Susie O'Brien, writing in the same newspaper, had a different take: "It is important that people, such as Dye, who make false claims of sexual harassment and rape, are harshly dealt with. Such claims, if vexatious, have the power to ruin reputations, careers, marriages, and even end lives. They also generate considerable ill-will towards sexual assault victims, thus discouraging others from coming forward. So I agree with commentators, including the Herald Sun's Andrew Bolt, in their condemnation of Dye. But I do not believe this one example of a vengeful vixen is evidence of a rampant 'culture of complaint'. The truth is in fact the exact opposite. Although the destruction wrought by false accusations can be enormous, more widespread is the underreporting of legitimate cases of sexual harassment and sexual assault. Too many women - and yes, about 85 per cent of victims are women, so I'm not merely being sexist - put up with too much for too long. Further, many of those who do complain are ignored, or punished as a result, and many end up dropping their case before it goes anywhere. There is no culture of complaint when it comes to sexual harassment and sexual assault."

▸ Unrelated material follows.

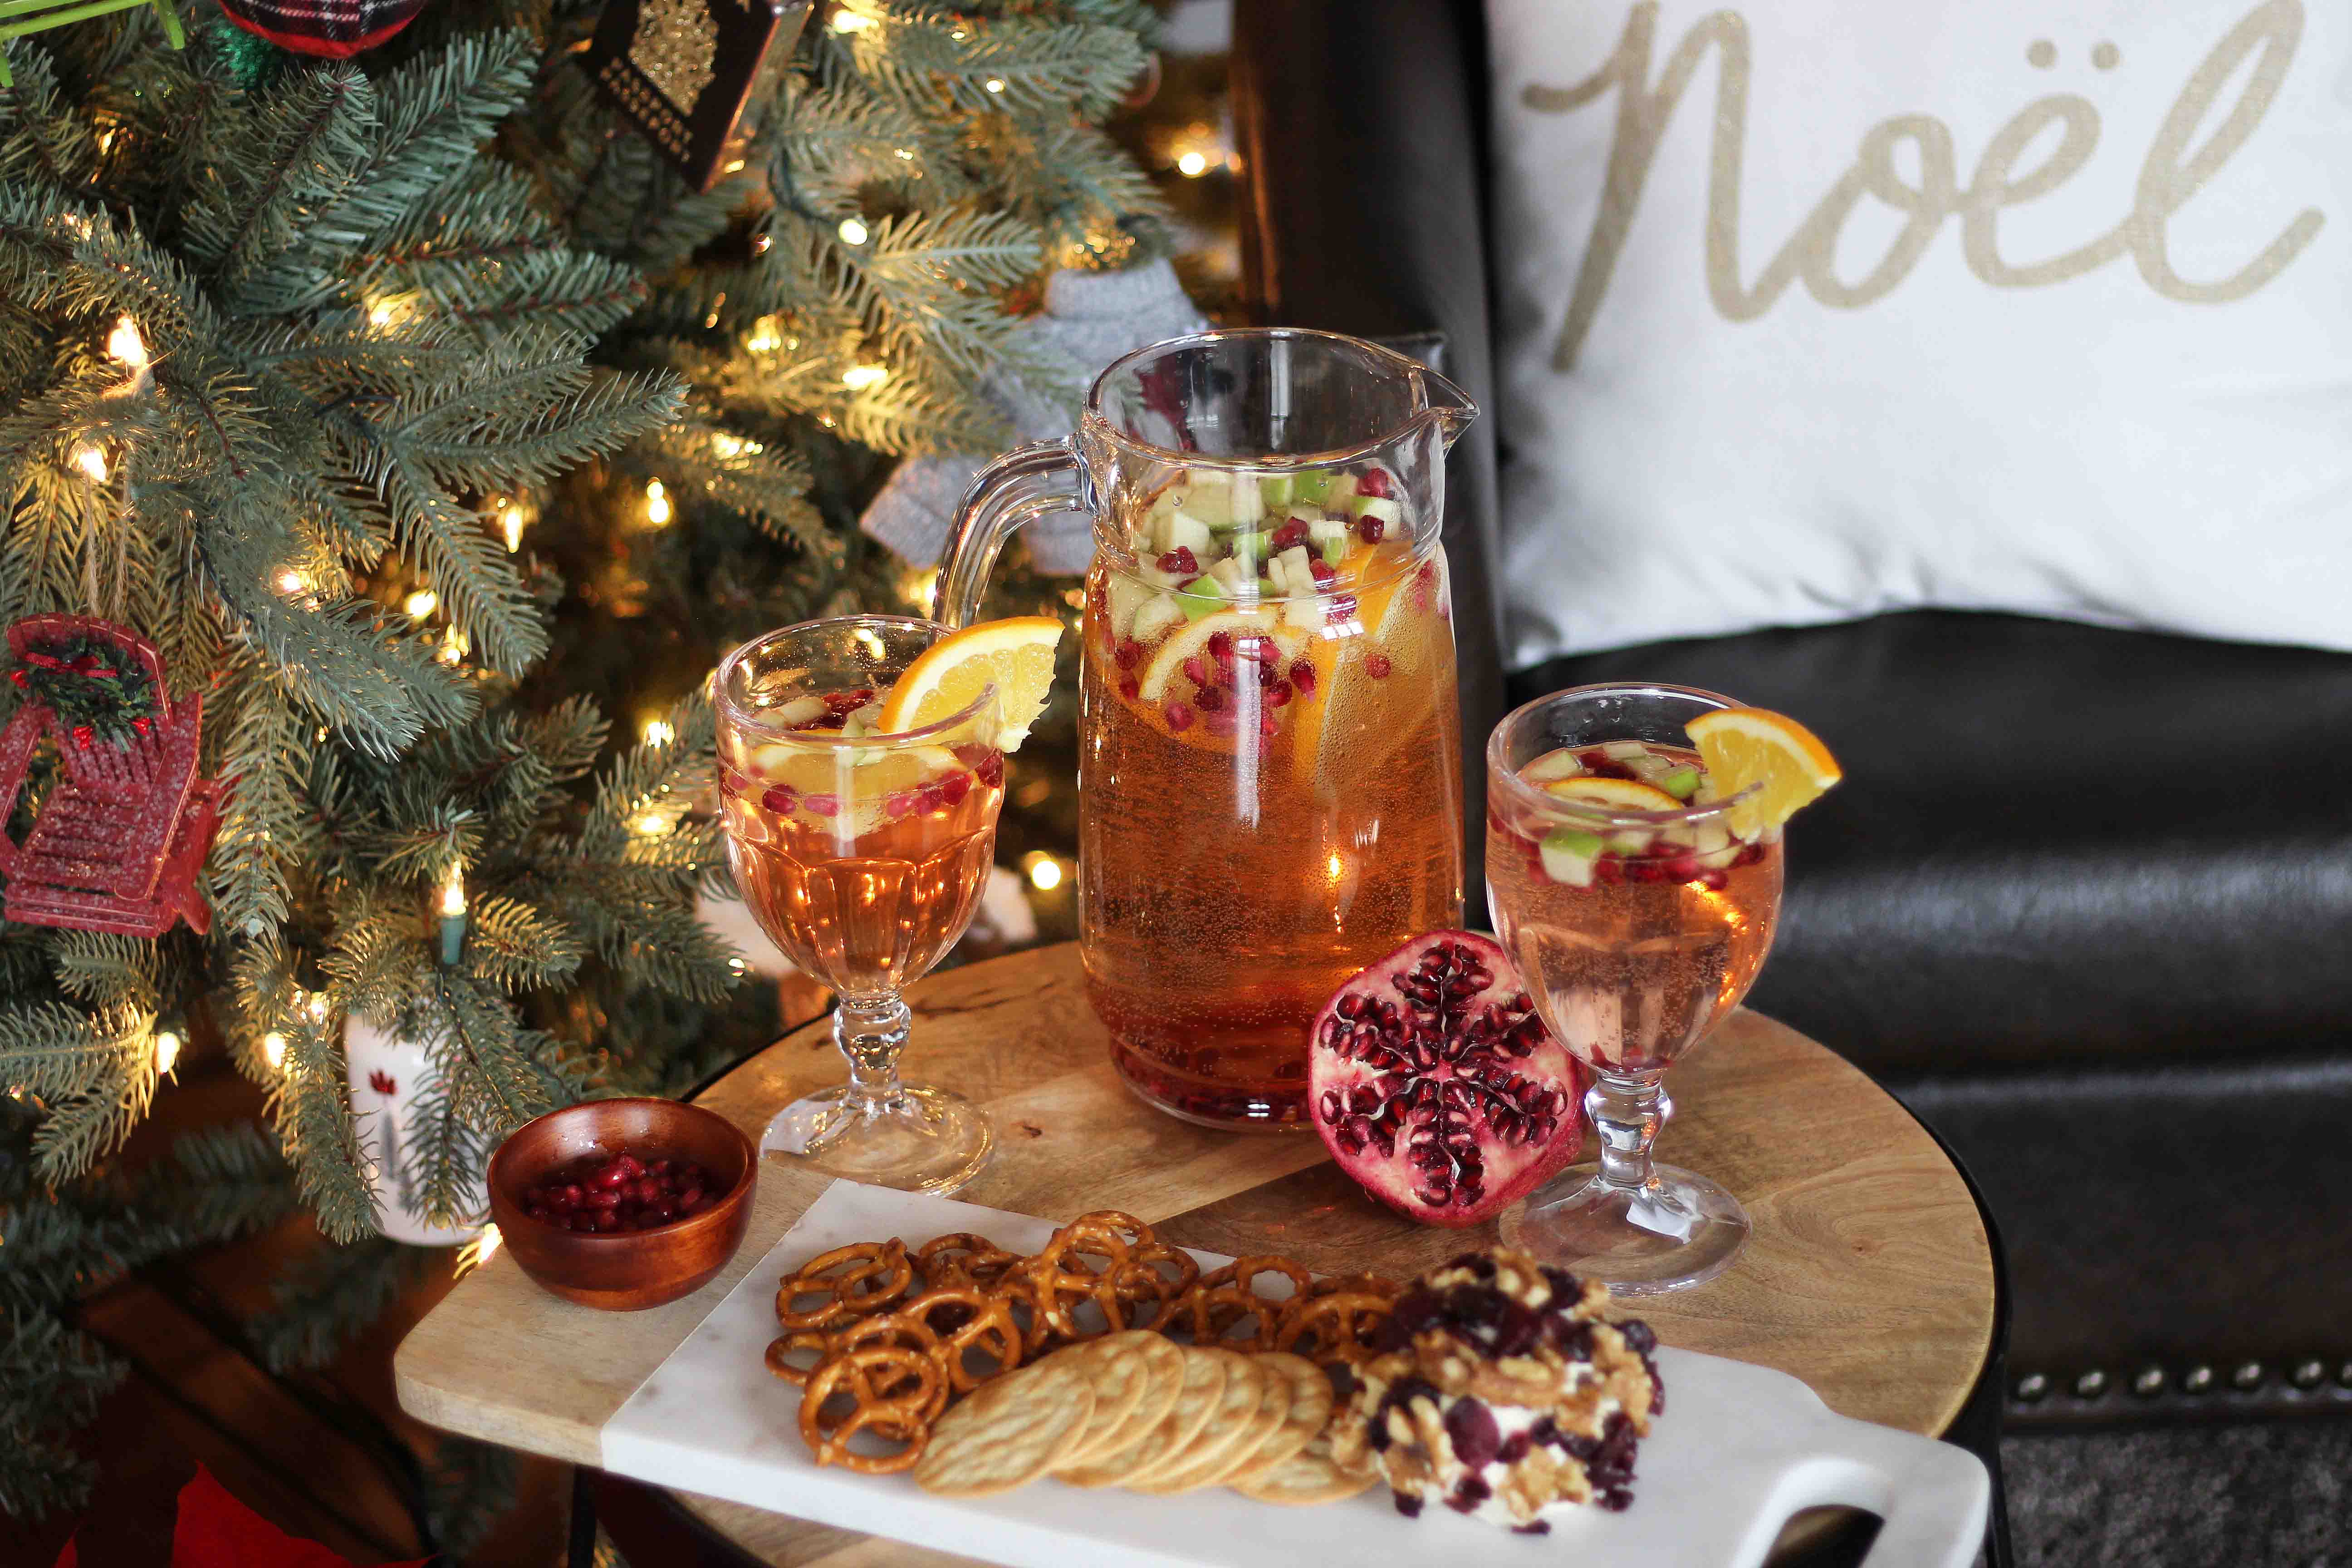 Canada Dry sangria drink ideas with holiday cheeseball

A personal observation. I have successfully litigated sexual harassment claims on behalf of employers, and based on my own experience, the scope of the Dye litigation was extreme and atypical.  Any civil trial can be an ordeal, and even small cases can sometimes turn into runaway litigation for all sorts of reasons, but sexual harassment cases generally are no more complex (and, in my experience, they are generally less so) than garden variety disputes involving allegations of breach of contract between two companies.  I agree that ours is a "culture of complaint" -- but about everything, not just sexual harassment. Sexual harassment cases differ from other commercial disputes in that the harm, either to the accuser or the accused, tends to be more personal, affecting more than just a company's bottom line (an abused employee can suffer greatly, and a wrongly accused supervisor has a very difficult time shaking the stigma). Thankfully, such claims, in my experience, are not rampant, but they can be abused (sometimes, an employer will be hit with a string of claims over time from several terminated employees filed by the same attorney -- much of the problem is that the courts do not adequately punish attorneys for filing frivolous claims).  For those who claim women abuse these laws, it is well to remember that EEOC claims by men are skyrocketing.

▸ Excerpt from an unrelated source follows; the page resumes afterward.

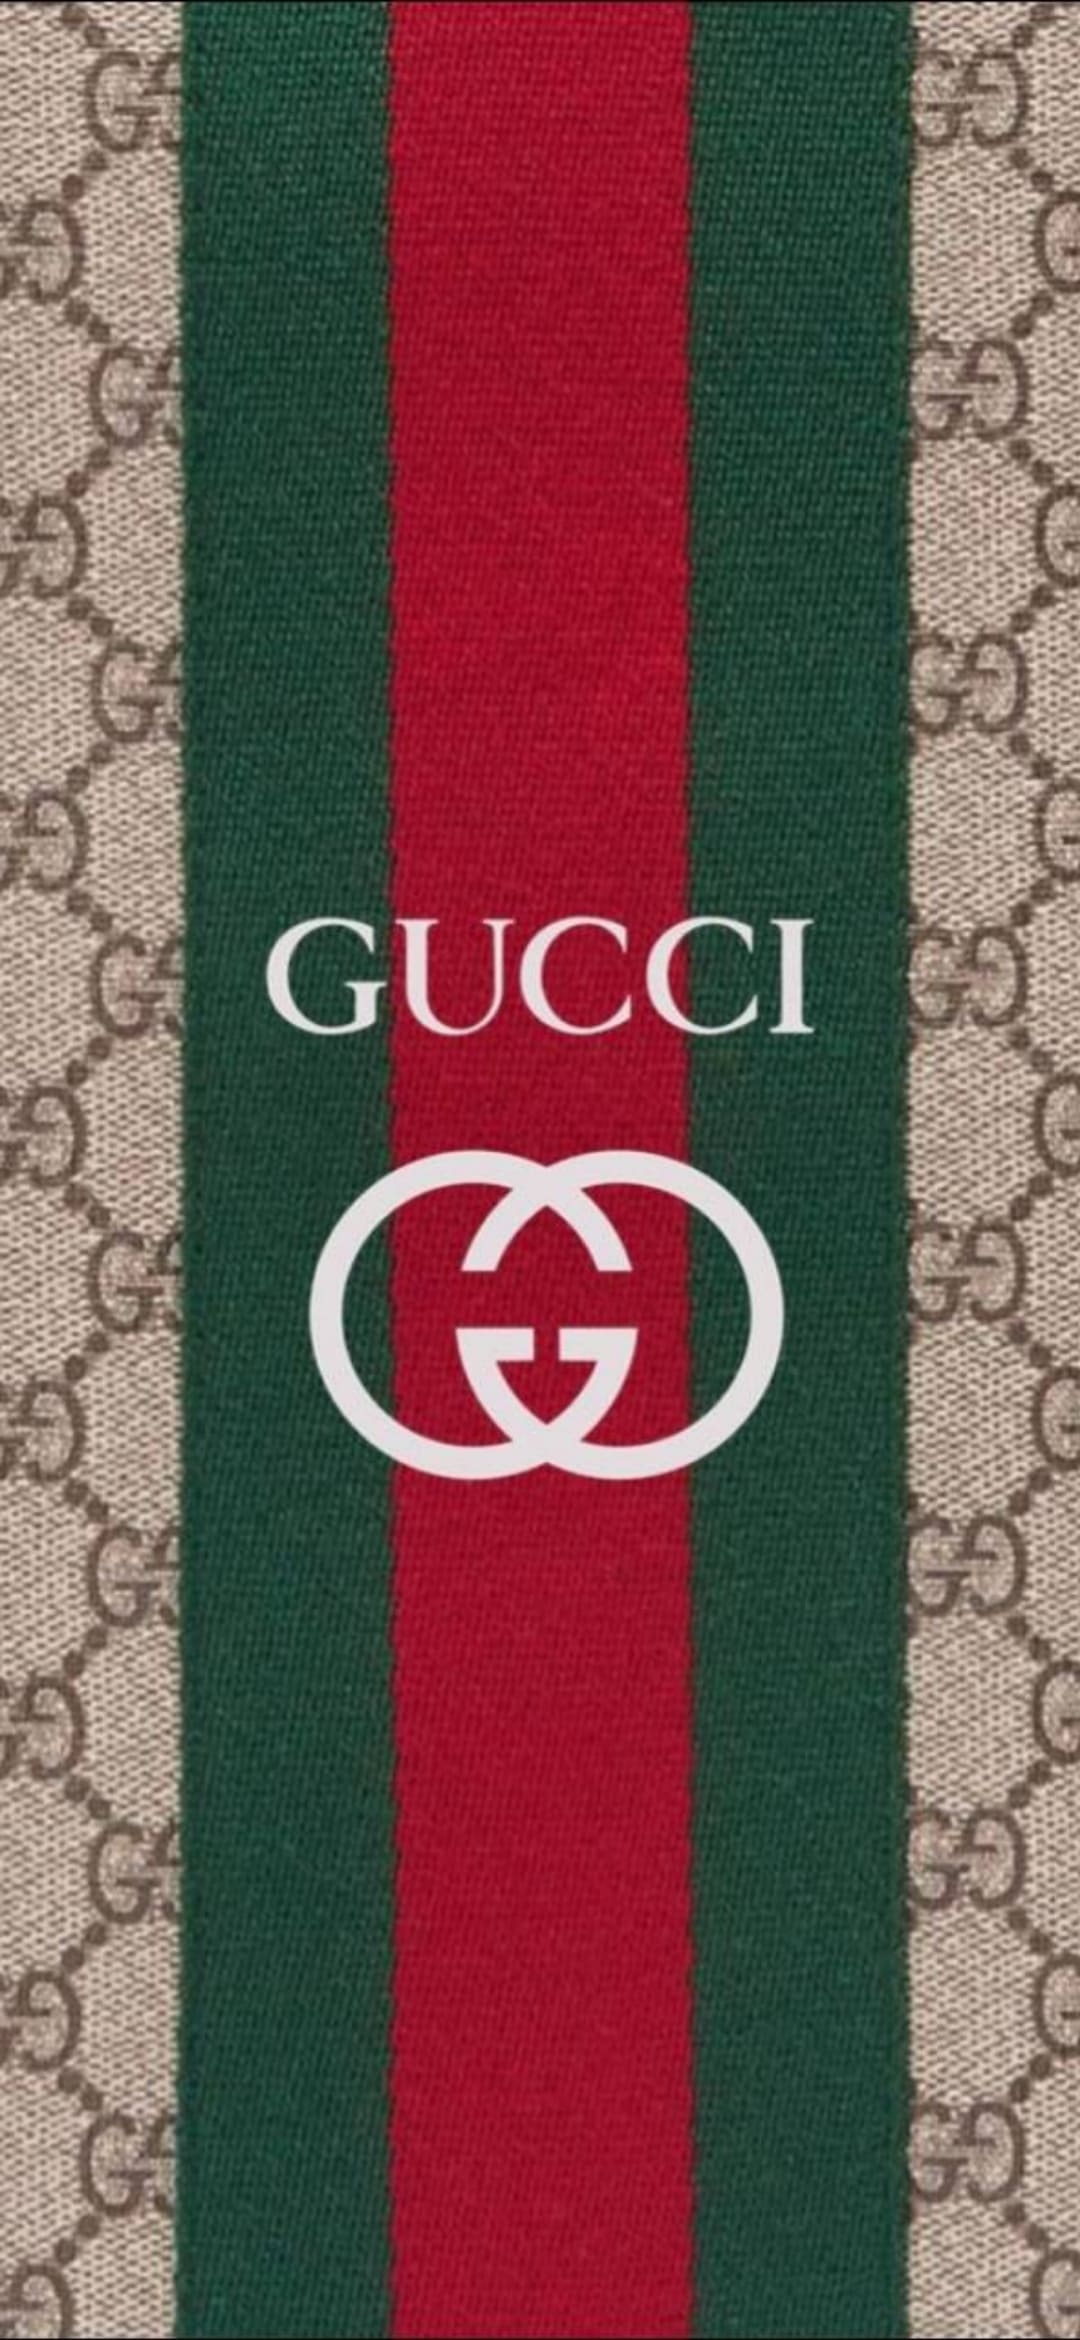 Gucci Wallpapers - Top 35 Best Gucci

The employer in this case is to be commended for fighting on despite the fact that it almost certainly could have settled for less than the cost to defend this action. If companies want to reduce the costs of litigating sexual harassment claims, they need to do this: when a claim is made, they need to immediately and fairly investigate it, and if there is merit to it, they need to redress the problem internally so that other employees can see that it takes such claims seriously. Then the employer needs to try to settle that claim. For claims that are clearly false or frivolous, the employer needs to fight those vigorously to send a message to other employees and to attorneys who would abuse the process by filing frivolous claims. In my experience, other employees who work with the accuser generally know what is going on inside the company and have a good sense when a claim by a co-worker is legitimate or nonsense. When a company vigorously defends against a frivolous claim, that does nothing to discourage other claimants who have legitimate claims from coming forward.  Companies need to stand by their wrongly accused employees as a price of doing business.